Updated version of panoptyks 2022 guerilla guide
This work is based on the **guerrila guide to installing pwnagotchi **. For reference see this reddit post and pastebin of panoptyk.
Even the new writeup seems very incomplete, and with the WaveShare V4 is currently shipping, these are all the steps that it took to get mine working correctly. I am sharing this information hopefully to help the next person in getting it setup, as it seems like the Pwnagotchi is a good introduction into Computer/Wifi Security. Some bugs are still unresolved, see Section known bugs.
However, the normal installation guide from the official website is still valid by and large, so this document will mostly provide details regarding deviations/addons to the standard installation procedure.
The specific hardware I myself have been using for my build is this:
- Raspberry Pi Zero WH (RP0W) (amazon)
- Waveshare 2.13 V4 (amazon)
- PiSugar 2 (2 LED-version) (amazon)
- Samsung Evo 32GB micro SD (amazon)
I will do my best to reference and credit every source, please add sources where missing and/or drop me a hint. Majority of this document has been created in 2023-12, things are moving fast and surely another year later there will be other stuff broken, and other fixes available.

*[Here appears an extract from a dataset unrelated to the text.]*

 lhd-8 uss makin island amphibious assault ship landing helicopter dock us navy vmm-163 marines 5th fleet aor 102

Not every section from the original guide has been used in this document, the omitted text can be found in the file original_notes.
Alternate:
(for details see pwnagotchi.ai)
Because I am running Windows 11 as a daily driver, this section will cover only Windows. For establishing a connection on Linux or MacOS refer to the official guide.

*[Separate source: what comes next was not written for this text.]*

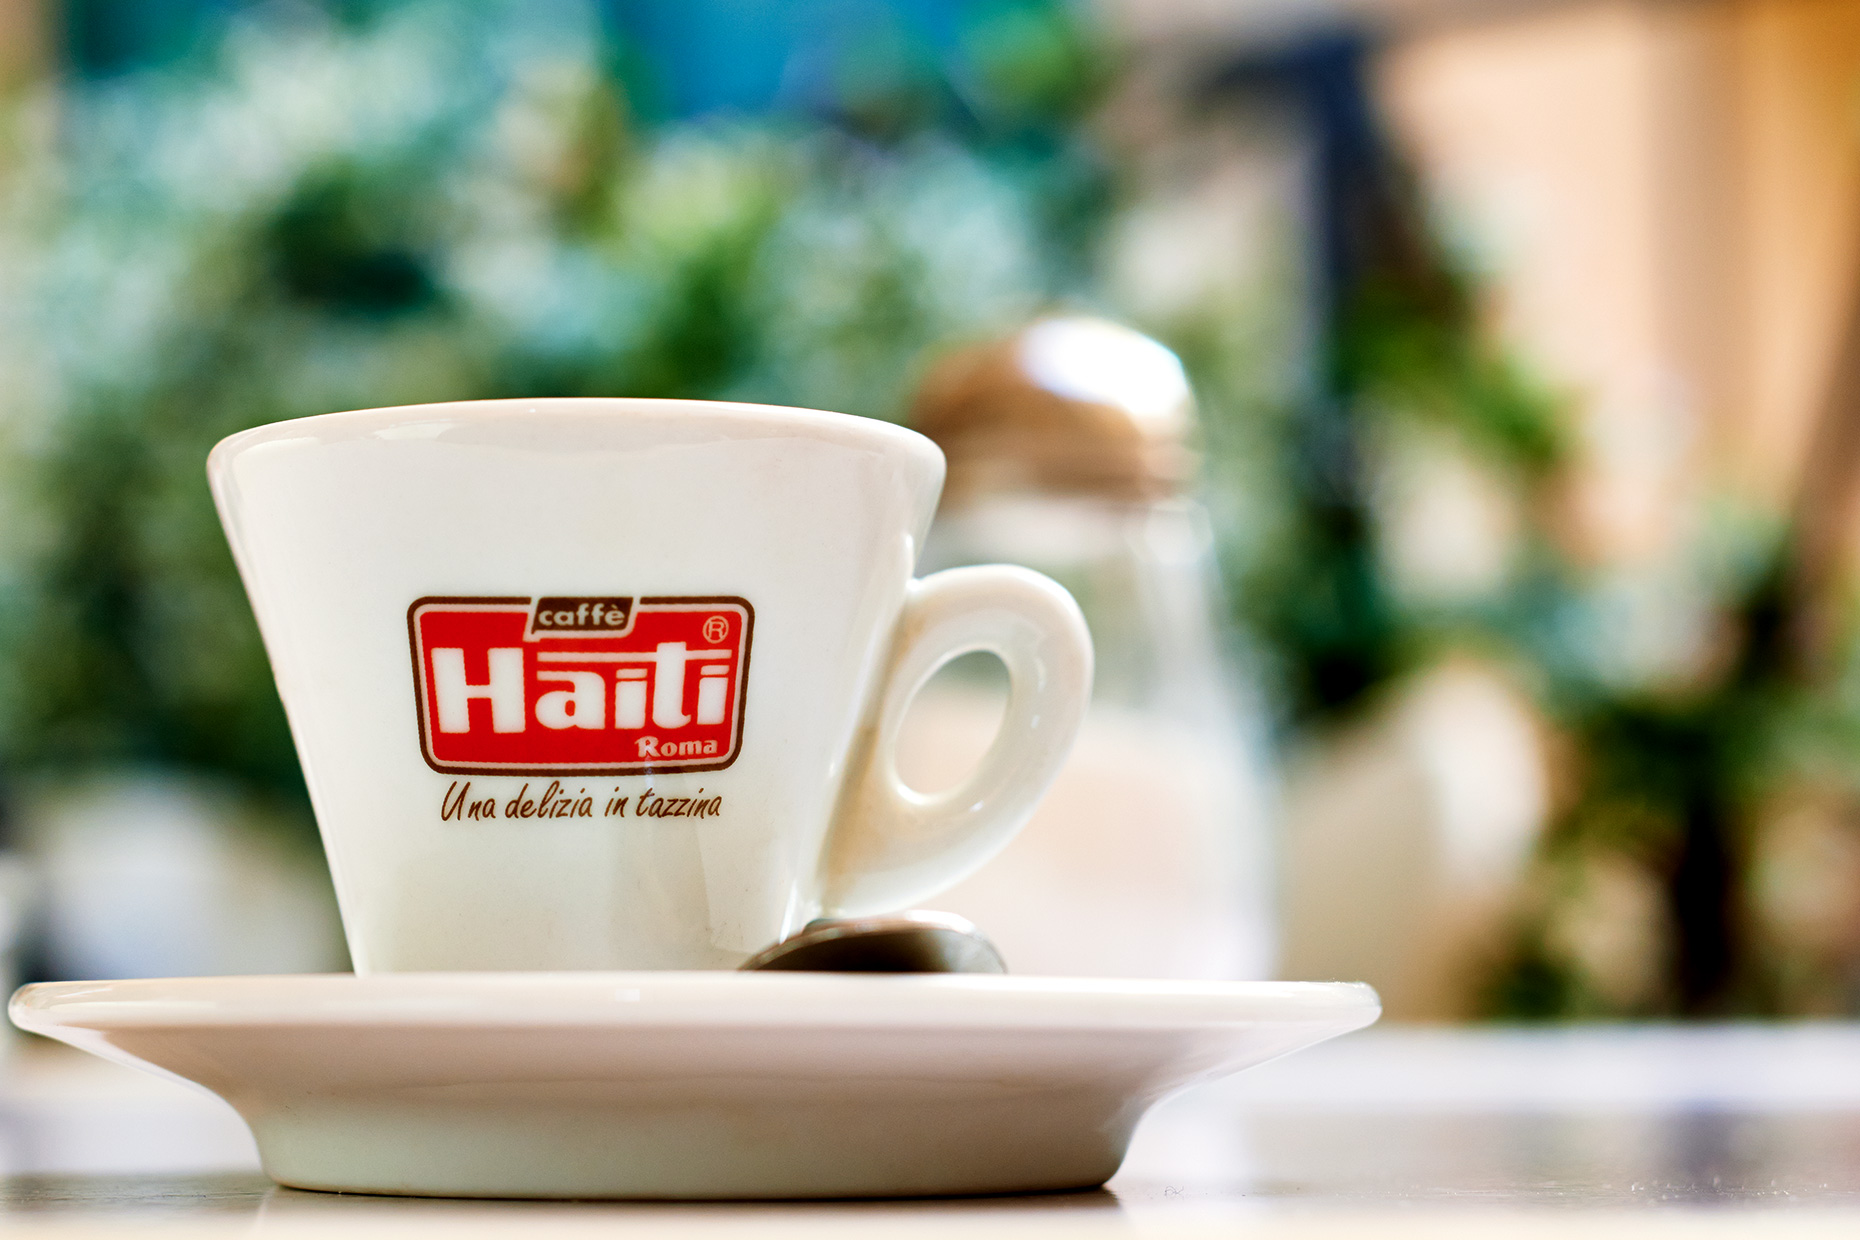 Espresso in Rome, Caffe haiti

- connect RP0W data port to pc (Micro-USB to USB A)
- wait for the device to boot up for the first time (20+ Minutes)
- Check Device Manager for COM-Port - as described here
- If Windows didn't install the RP0W as an "Ethernet Gadget", download the corresponding driver on Windows Update
- Unpack the CAB
- In Device Manager select the COM-Device and update the driver with the one from the CAB
- make sure to check in Network Devices for the Interface and configure TCP/IP v4 to use 10.0.0.1 as its IP-address, 255.255.255.0 as Subnet and 10.0.0.1 as Gateway.
Open PowerShell as Administrator
default password is raspberry, it is generally recommended to immediately change it:
passwd
if you get the WARNING: REMOTE HOST IDENTIFICATION HAS CHANGED!
, go to C:\Users\{user}\.ssh
, open known_hosts
and comment out (#) every line; save
connect again with pi (ssh [email protected]
); confirm/authorize (yes in terminal)
this is optional, but makes installation way easier (imho). On Windows, I use WinSCP, ymmv.
First, enable password login for root (unsafe, should be disabled again after setup has finished).
passwd #change pi's password
sudo su
passwd root #change root's password
Then, enable SFTP support by executing
sudo nano /etc/ssh/sshd_config
uncomment and change the line #PermitRootLogin prohibit-password
to PermitRootLogin yes
then restart ssh by executing:
service ssh restart
login via FTP using:
host: 10.0.0.2
username: root
password: *password*
port: 22
sudo nano /etc/resolv.conf
change the entry behind nameserver "127.0.0.1" to "8.8.8.8".
Warning this is only temporary and will be overwritten on each reboot. There are several different fixes for this, see this thread. Short summary:
- adding dns-nameservers 8.8.8.8 under the gateway line in /etc/network/interfaces.d/usb0-cfg
- add: "server=8.8.8.8@usb0" to /etc/dnsmasq.conf
- systemctl disable dnsmasq
- sudo chattr +i /etc/resolv.conf makes file immutable (make sure beforehand there is 8.8.8.8 or 1.1.1.1 insted of 127.0.0.0)
The official script is named "win_connection_share.ps1" and can be copied via ftp from /usr/local/src/pwnagotchi/scripts once connected.
Execute this in Powershell:
1.) .\win_connection_share.ps1 -SetPwnagotchiSubnet
2.) # Reboot Windows
3.) .\win_connection_share.ps1 -EnableInternetConnectionSharing
if applicable: enable mobilehotspot on pc and turn off power saving mode for your hotspot or your wireless interface.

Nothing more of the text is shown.